In the middle of the 19th century, Klosterhaven was increasingly used as a recreational area. It was planted with 1,500 plants from the royal nurseries in Hørsholm and Petersgård. It was also proposed to create a pavilion which could both be used as an entertainment venue and an assembly building. In 1868, instigated by the Craftsmen's Guld (Håndværkerforeningen), the town began to sell 5 rigsdaler shares in support of the project. The new building was inaugurated on 2 May 1870. A bust of Frederick VII had been installed in the park back in 1868 and it was therefore decided to name the building Frederiksminde (Frederik's Memorial).

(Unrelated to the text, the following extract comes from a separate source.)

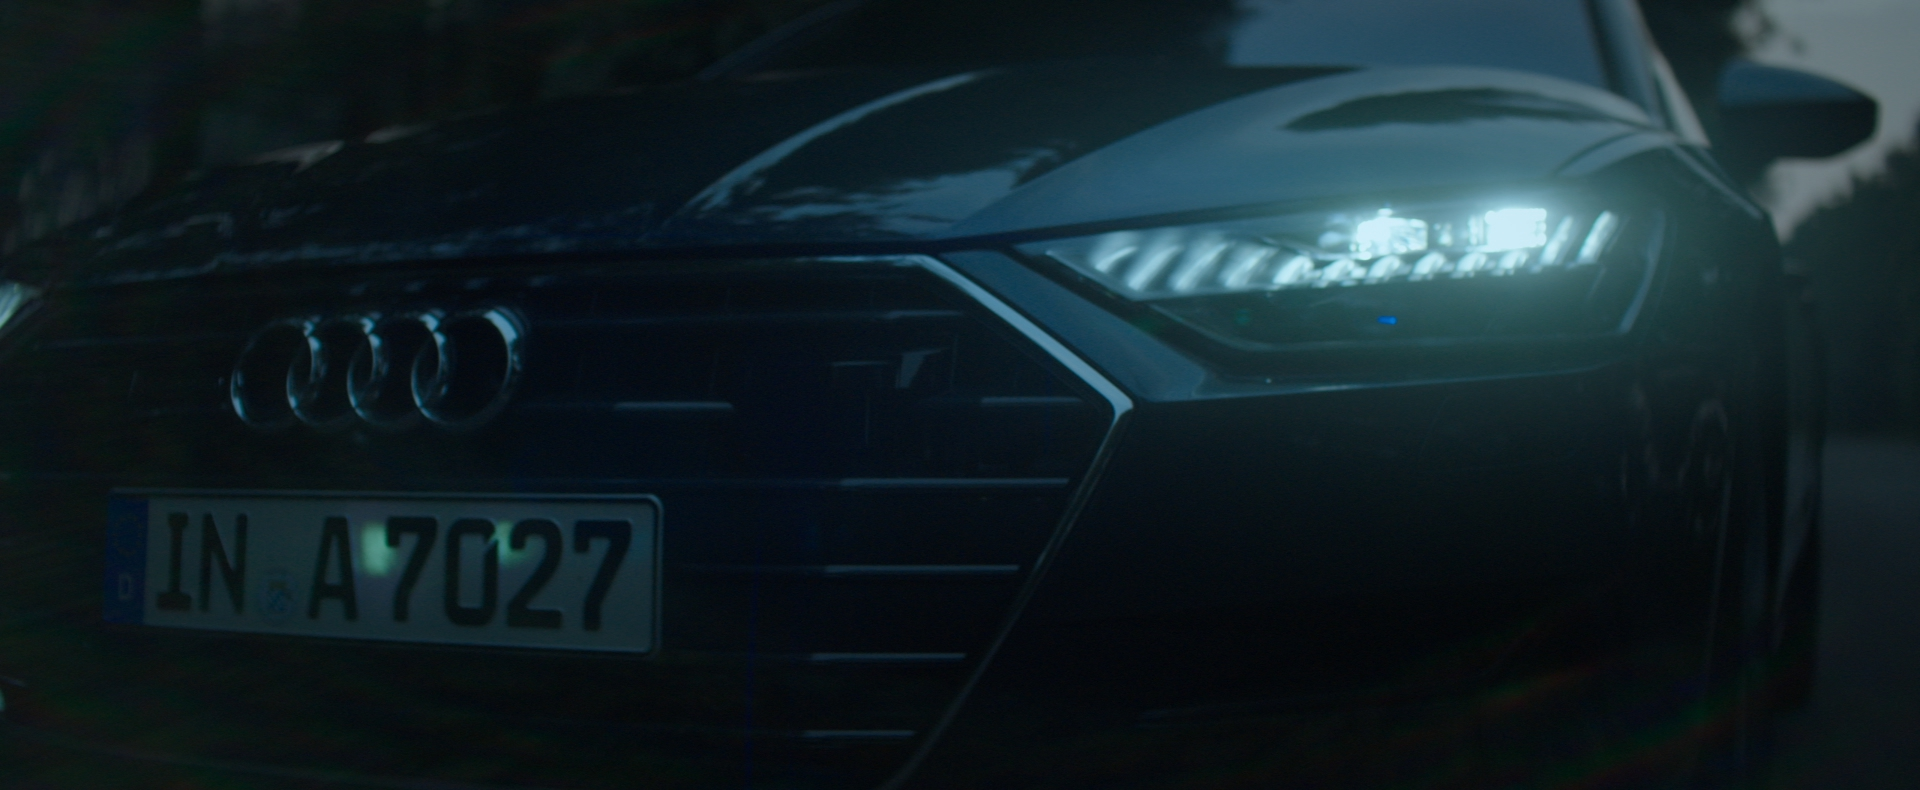 Audi A7_1.1.20.jpg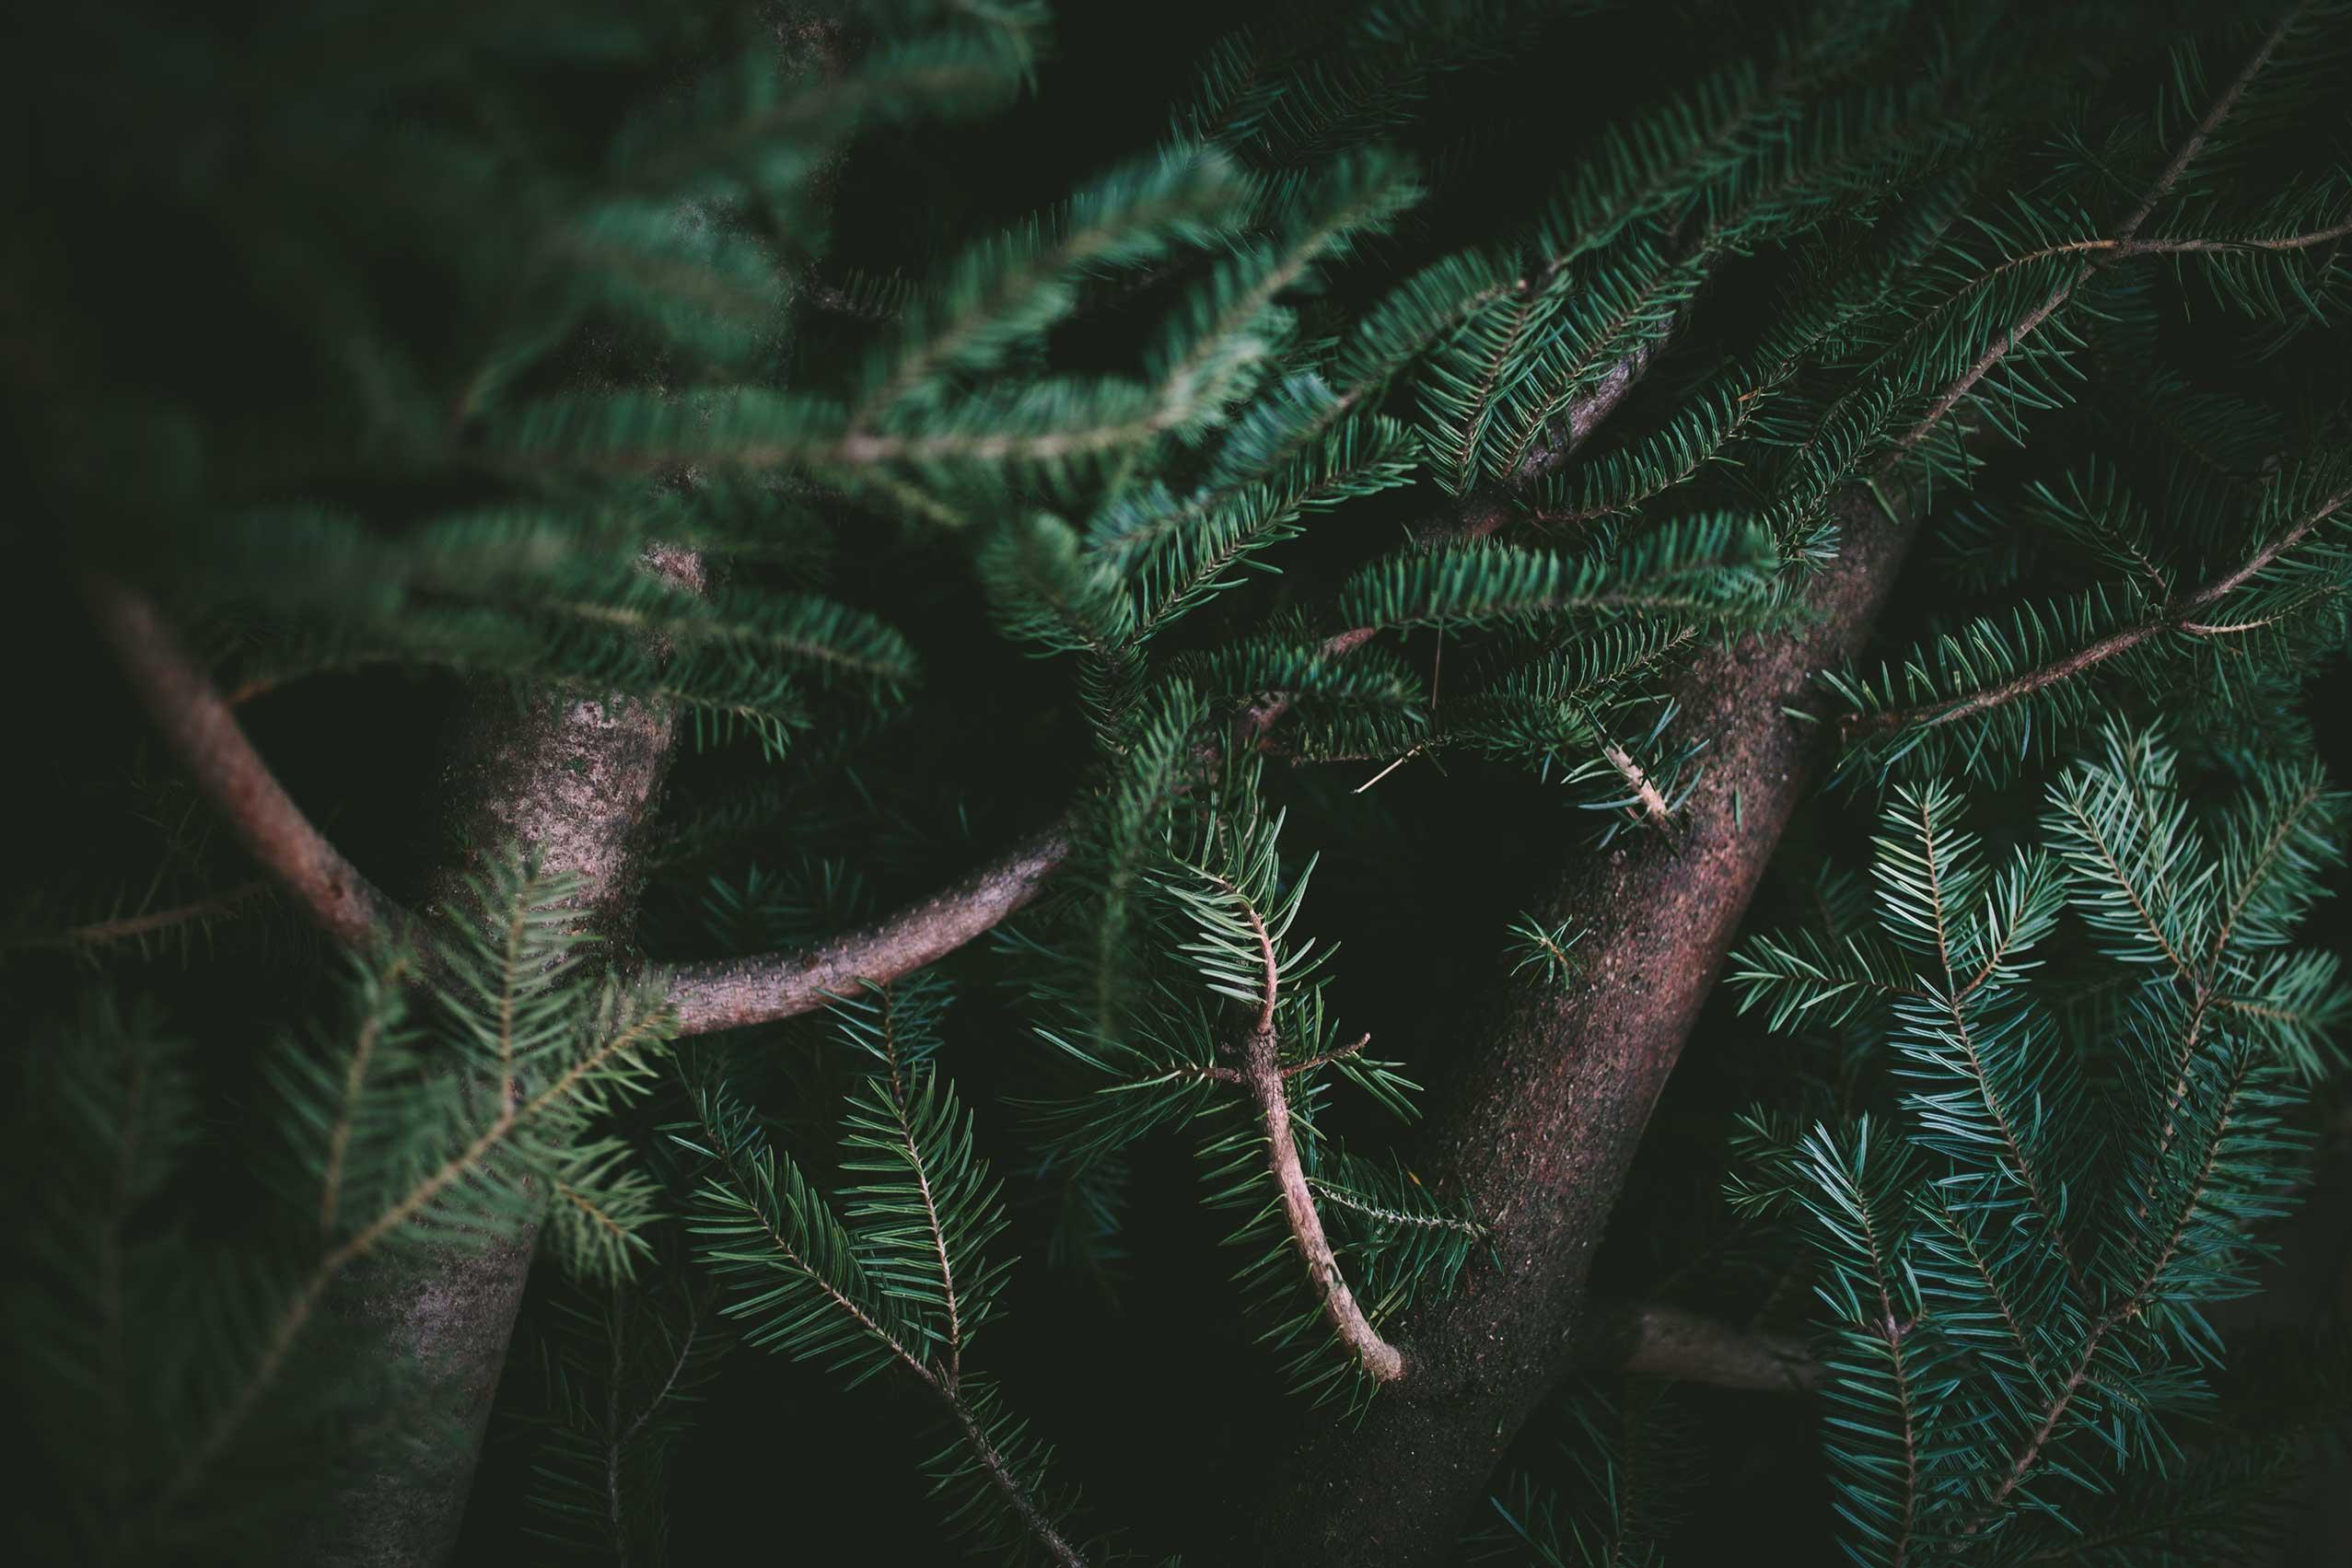 The Golden Christmas Reveillon

Already from its opening the new venue struggled economically and was after five years sold in auction to the Craftsmen's Guild.

The park was later refurbished by the town and the building was expanded in 1901. The main hall was lengthened in 1926 and could from then on seat 200 people as well as another 60 people on the balcony.

The building was later converted into a hotel and changed hands several times. In 2003 it was acquired by Hans Michael Jepsen, a Hong Kong-based businessman with a history of purchasing and refurbishing historic buildings in provincial Denmark. He leased it to Silje Brenna. Hotel Frederiksminde reopened after a comprehensive make-over in 2007.

==Restaurant==
In January 2026, Mulla Yalcin took over the position as head chef of the restaurant from Jonas Mikkelsen, who was engaged as head chef in 2010. In February 2016, Hotel Frederiksminde received a star in the first Michelin Guide to dining in the Nordic countries. Since then, the restaurant has kept the one star and has now also acquired the Michelin Guide Green Star for its work with sustainability.